Many contractors rely on External Service Providers (ESPs), such as cloud service providers (CSPs) and managed service providers (MSPs), to handle various aspects of cybersecurity compliance. The CMMC rule requires that any ESP storing, processing, or transmitting CUI must meet FedRAMP Moderate Baseline standards. This ensures that ESPs uphold the same level of security expected from contractors. However, the rule has removed the previous requirement for MSPs and MSSPs to be CMMC-certified, placing the burden on contractors to verify that their ESPs can meet necessary security standards.

Planning and Budgeting for Assessments

The CMMC assessment process involves a rigorous evaluation through documentation, interviews, and testing. As outlined by James Goepel, FutureFeed’s General Counsel and Director of Education, organizations should have a well-documented cybersecurity program.
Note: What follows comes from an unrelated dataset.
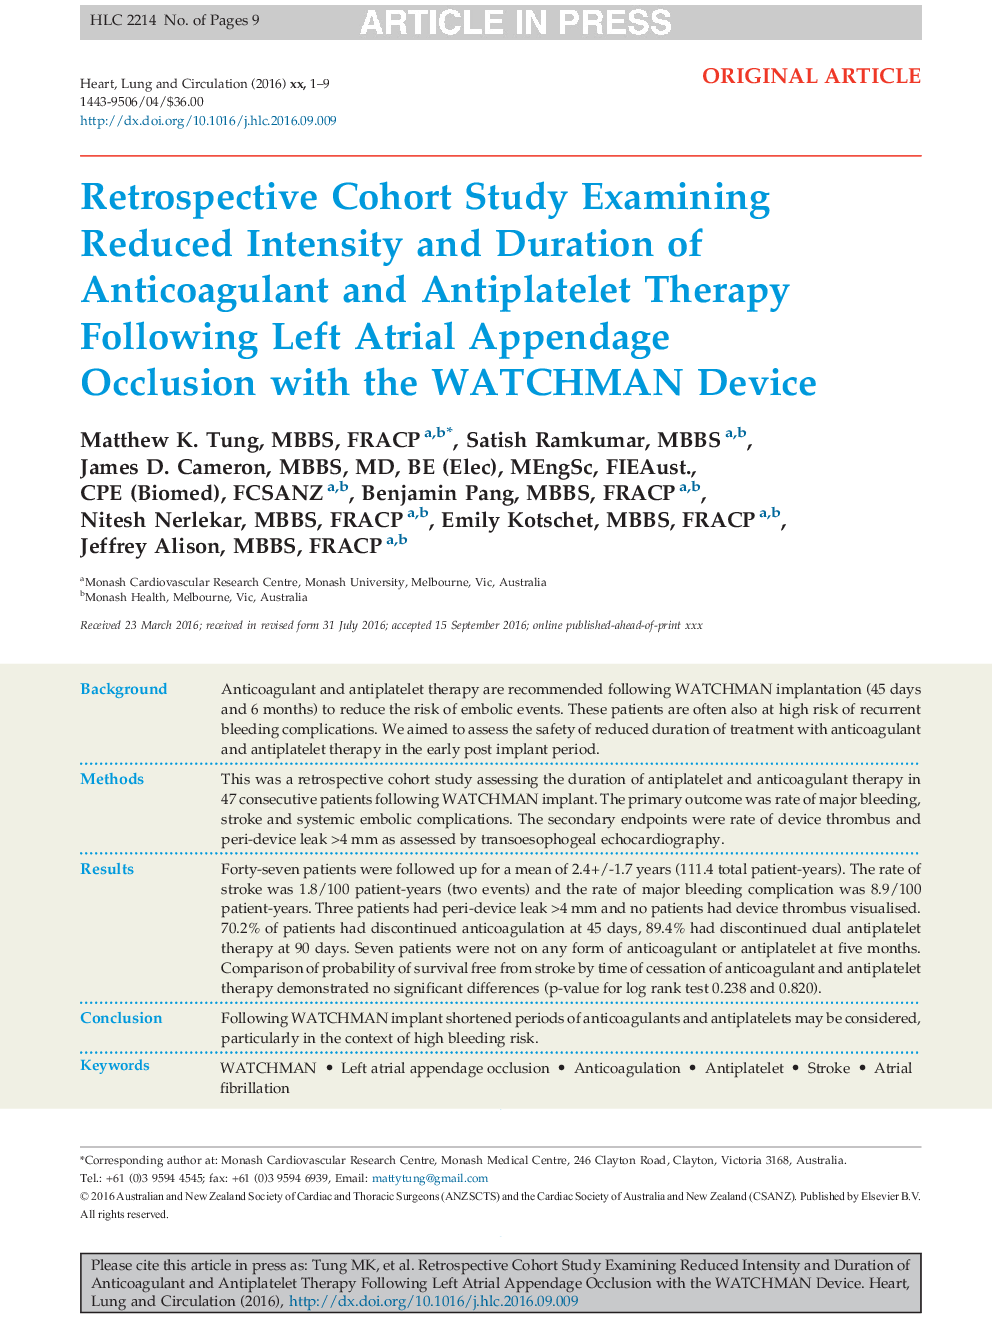 Retrospective Cohort Study Examining Reduced Intensity and Duration of Anticoagulant and Antiplatelet Therapy Following Left Atrial Appendage Occlusion with the WATCHMAN Device

Generally, a simple CMMC assessment was expected to cost between $50,000 to $60,000, though DoD’s updated assessment team requirements are likely to significantly increase those costs. Complex environments or additional travel requirements may also increase this amount. Contractors who proactively prepare and demonstrate a comprehensive understanding of CMMC requirements may find assessors willing to provide discounts.

The Path Forward: Practical Steps to Prepare

To prepare for CMMC assessments, contractors should prioritize three areas:

1. Documentation: Ensure policies, procedures, and evidence of compliance are well-documented.
2. Evidence Collection: Implement systems to collect and organize evidence of cybersecurity measures regularly.
3. Training: Prepare internal teams for assessments by training them on compliance protocols and practices.

Conclusion

The CMMC final rule represents a milestone in safeguarding U.S. government data. While compliance may require a substantial investment, it reinforces the importance of cybersecurity in national defense. FutureFeed and its partners stand ready to support organizations on this journey, from initial understanding to complete implementation.

As cyber threats evolve, the CMMC will serve as a robust framework to ensure that sensitive information within the defense industrial base is effectively protected. For contractors, adhering to these standards is not just about compliance but about embracing a culture of security that strengthens national resilience and supports technological leadership.

In closing, contractors should remember that navigating CMMC is a strategic investment, not just a requirement. As Goepel emphasizes, “We all have a responsibility to protect the sensitive information the government entrusts to us.” With CMMC, contractors can meet that responsibility, supporting national security while safeguarding their reputations and fostering resilience.